The Tailor and the Wolf
There once was a tailor who worked for a priest. He went to the village to work, and at that time, God had not sent any food to the unfortunate wolf. The wolf climbed up a hill and began to pray to God:- "Lord, give me something to eat, or I will die!"
- "Oh, go ahead," God replied, "whatever you find that belongs to the priest will be your food."
The wolf went on his way and came across a mare.
- "Hello, mare! Whose are you?"
- "Oh, wolf, I belong to the priest!"
- "Then you are my food!"
- "Oh, but look," said the mare, "I’ve been to the city and brought back some papers."

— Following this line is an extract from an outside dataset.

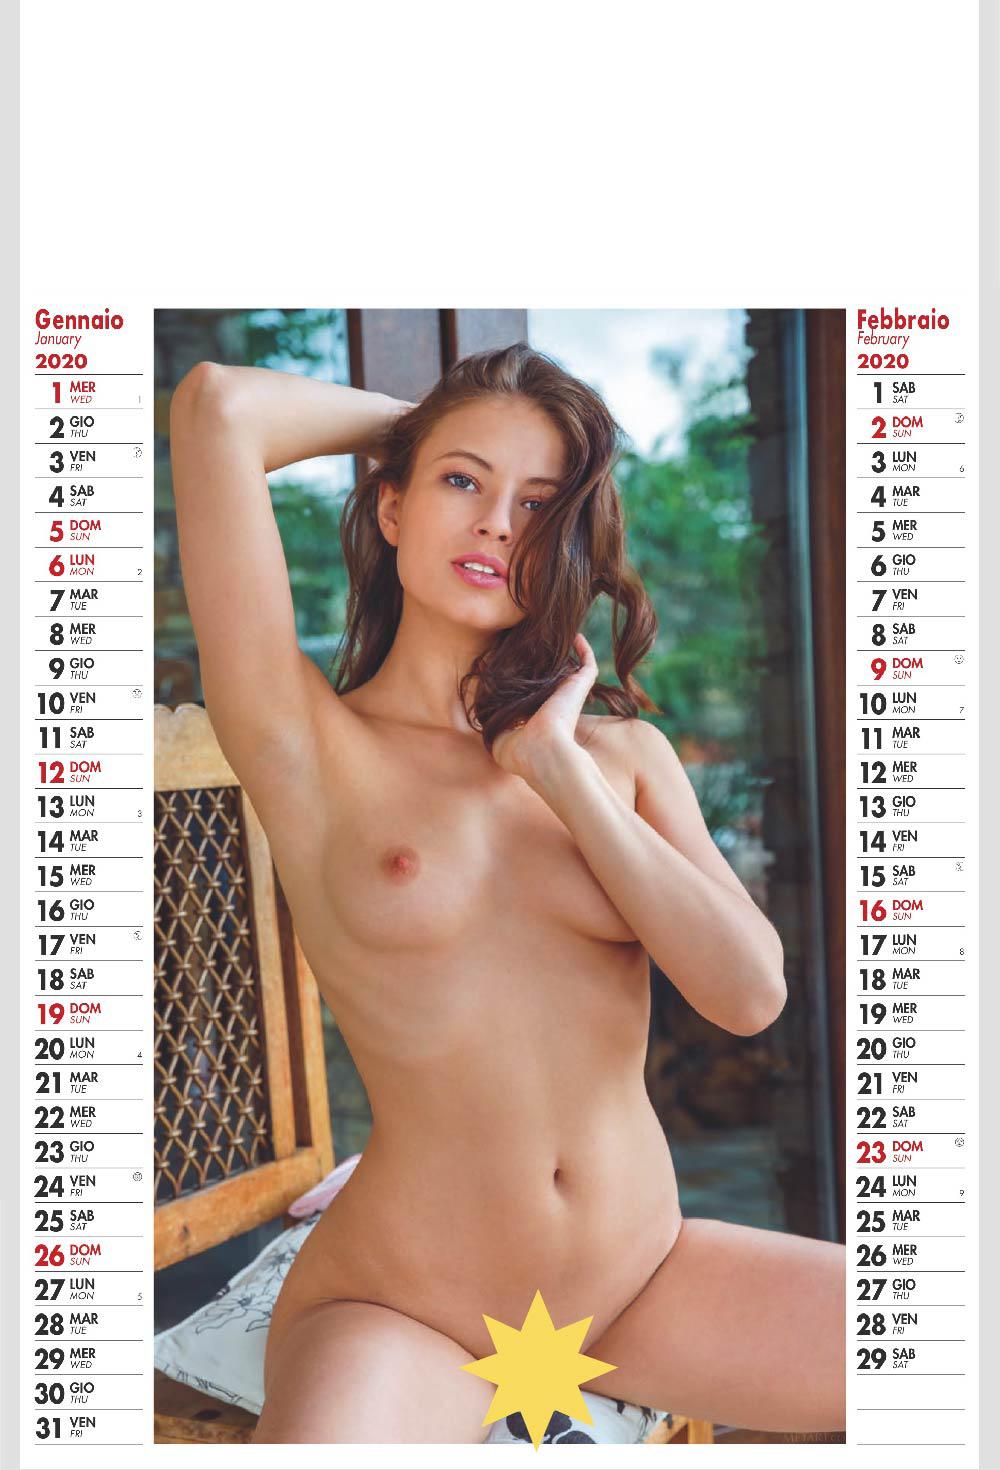 Calendario Sexy Donne Nude 2020

The wolf stopped to examine the papers. Meanwhile, the mare leaped away, and when the wolf looked up, she was already out of sight.
The wolf walked on, thinking: "What a fool I am! I’m neither a gentleman nor literate, so why did I bother looking at those papers?"
As the wolf continued, he met a ram.
- "Hello, ram! Whose are you?"
- "I belong to the priest."
- "Then you are my food!"
- "Oh, wolf, stand below, and I’ll climb up this hill. Open your mouth, and I’ll jump right in."
The ram charged and butted the wolf in the head, nearly killing him. The wolf walked away, thinking: "What a fool I am! Did I think I was some nobleman, expecting an easy meal?"
Next, the wolf came across some pigs.
- "Hello, pigs! Whose are you?"
- "We belong to the priest!"
- "Then you are my food!"
- "Oh, brother wolf! Let us at least sing a song before you eat us."
While the pigs distracted the wolf, some peasants noticed him and chased him away.
The wolf walked on and met the tailor.
- "Hello, tailor! Whose are you?"
- "I belong to the priest."
- "Ah, so you are my food!"
- "Oh, brother wolf! Let me at least wash myself before I die. Let me wipe myself with your tail."
The tailor wrapped the wolf’s tail around his hand and gave the wolf three good whacks with his yardstick, nearly knocking the wolf out.
The tailor quickly realized the danger, ran off, and hid in an oak tree. The wolf began to think about how to catch the tailor. He gathered some young wolves and approached the oak tree.
- "Look, brothers, the tailor is sitting up in that oak tree. Let’s get him down!"
The tailless wolf lay down below, and the others climbed on top of him, trying to reach the tailor.
The tailor called out:
- "At least let me have a sniff of tobacco before I die."
He took a sniff:
- "Achoo!"
The wolf thought the tailor had shouted, "Yardstick!" and in a panic, the wolves scattered, grabbing the tailless wolf and tearing him apart. And so, the poor wolf met his end.